The deferral will be possible when an eligible small business corporation is disposed of and where the proceeds are used to acquire another ‘eligible small business investment’. 

Conditions for deferral
The consequences will be as follows:

  • The re-investment must be in ordinary common shares issued from treasury to the investor.
  • The deferred gain will be used to reduce the adjusted cost base of the new investment. 
  • The proposals of the February 28, 2000 budget provided for a deferred gain on dispositions realized after February 27, 2000 and before October 17, 2000 on up to $500,000 of eligible investments.
  • The subsequent investment must be in an eligible tive small business corporation, which is similar in definition to the existing small business corporation rules.
  • Total value of assets cannot exceed $2.5 million before the investment and $10 million after it.
  • This provision has been sweetened with the proposals of the October 18, 2000 mini-budget.  Specifically, the $500,000 figure is increased to $2 million and the size of the small businesses eligible will increase from $10 million to $50 million immediately after the investment. The $2.5 million restriction will be eliminated.
  • The investment must be held for more than six months from the time of acquisition.  There are special rules regarding the timing of the replacement investment and eligibility of the investor, as well.

How deferral works
The following example illustrates how this deferral will work:

  • Assume that a taxpayer sold an eligible small business corporation for $275,000 in the period after February 27 and before October 18.
  • She then used the proceeds to acquire another eligible small business corporation in the amount of $600,000. 
  • She had a gain of $270,000 on the first corporation.  However, under the new proposals, this gain can be deferred if all the criteria are met, as described above.
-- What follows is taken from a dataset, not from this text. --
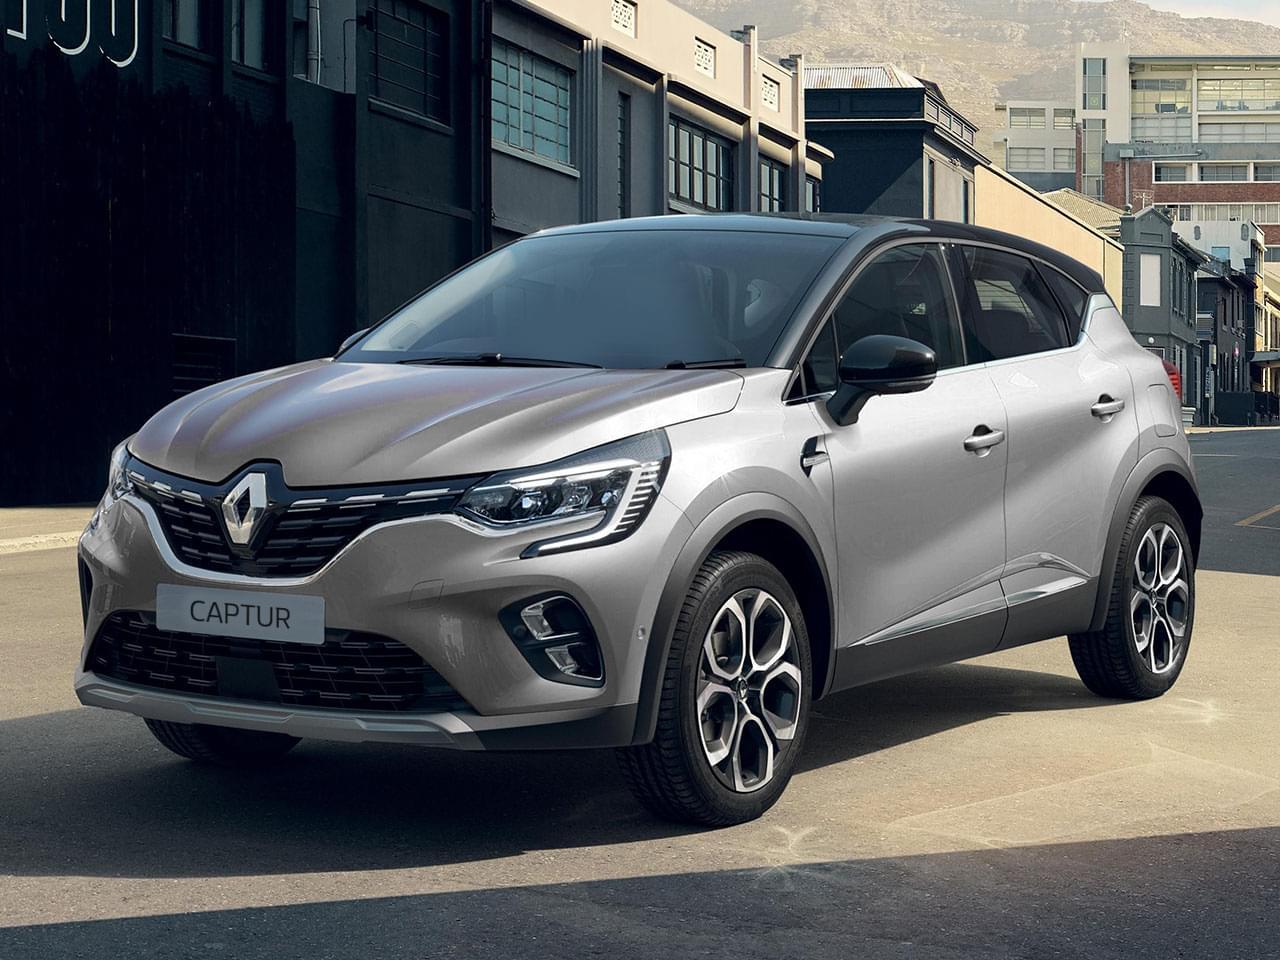 Renault Captur Intens E-Tech Plug-in Hybrid 160
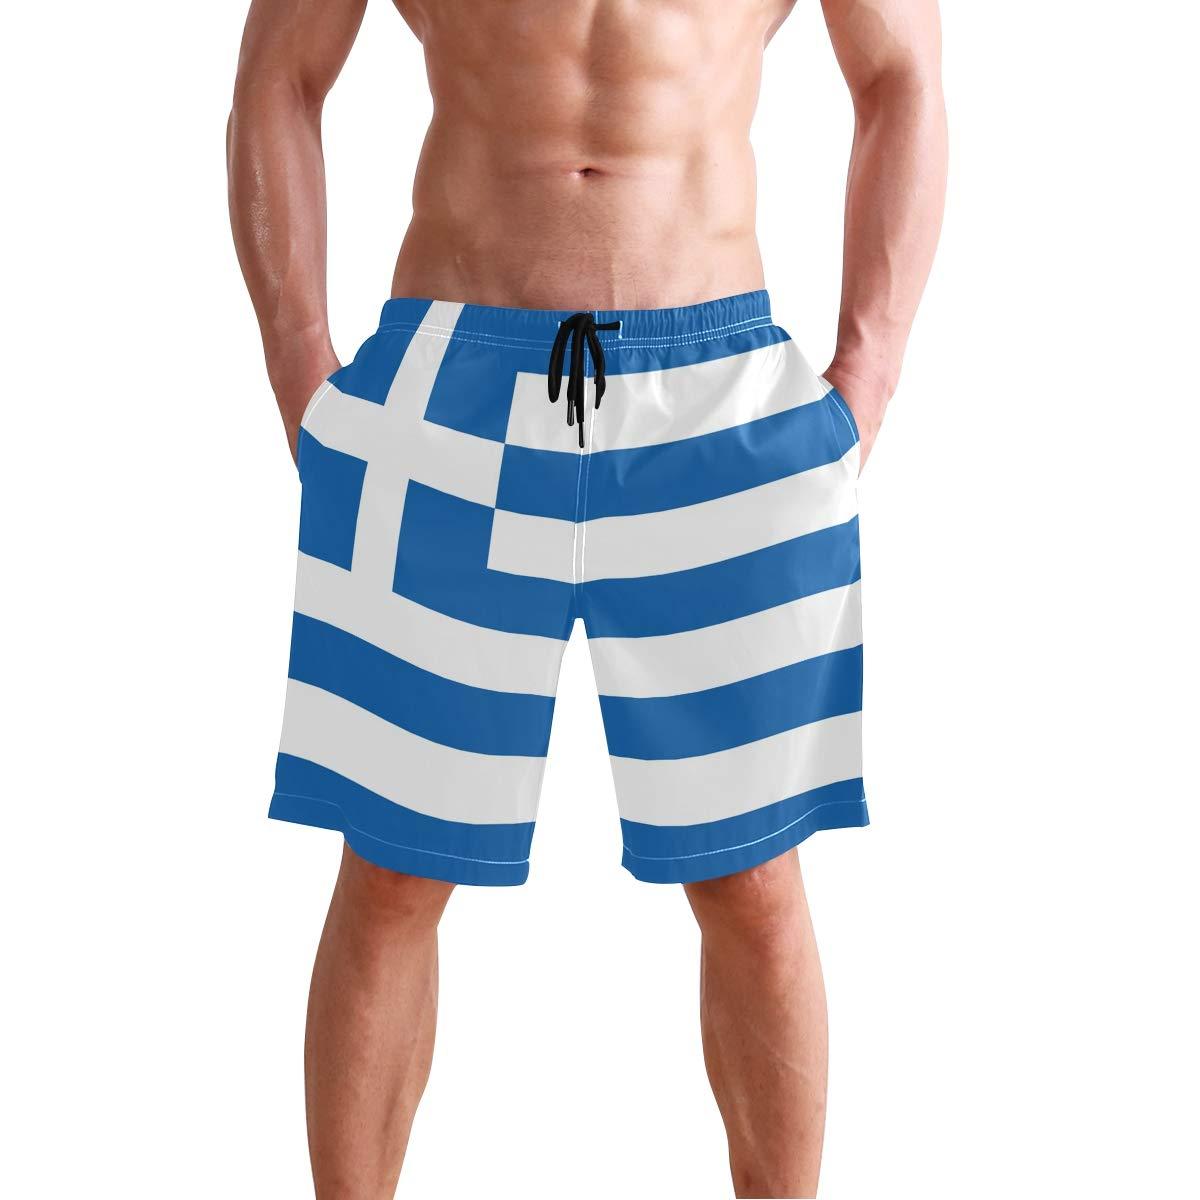 Chinein Mens Slim Fit Quick Dry Short Swim Trunks with Mesh Lining Greek Flag

To calculate the capital gains deferral in this case:

  • Take the cost of the replacement property
  • Divide it by the proceeds of disposition relating to the eligible gain
  • Multiply that amount by the eligible gain from the disposition. 

This will give you the eligible gain for deferral purposes:

  • $500,000 (divided by) 275,000 x 270,000 = $490,909

Similar transactions occurring after October 17 will be subject to the $2 Million maximum capital gains deferral described above.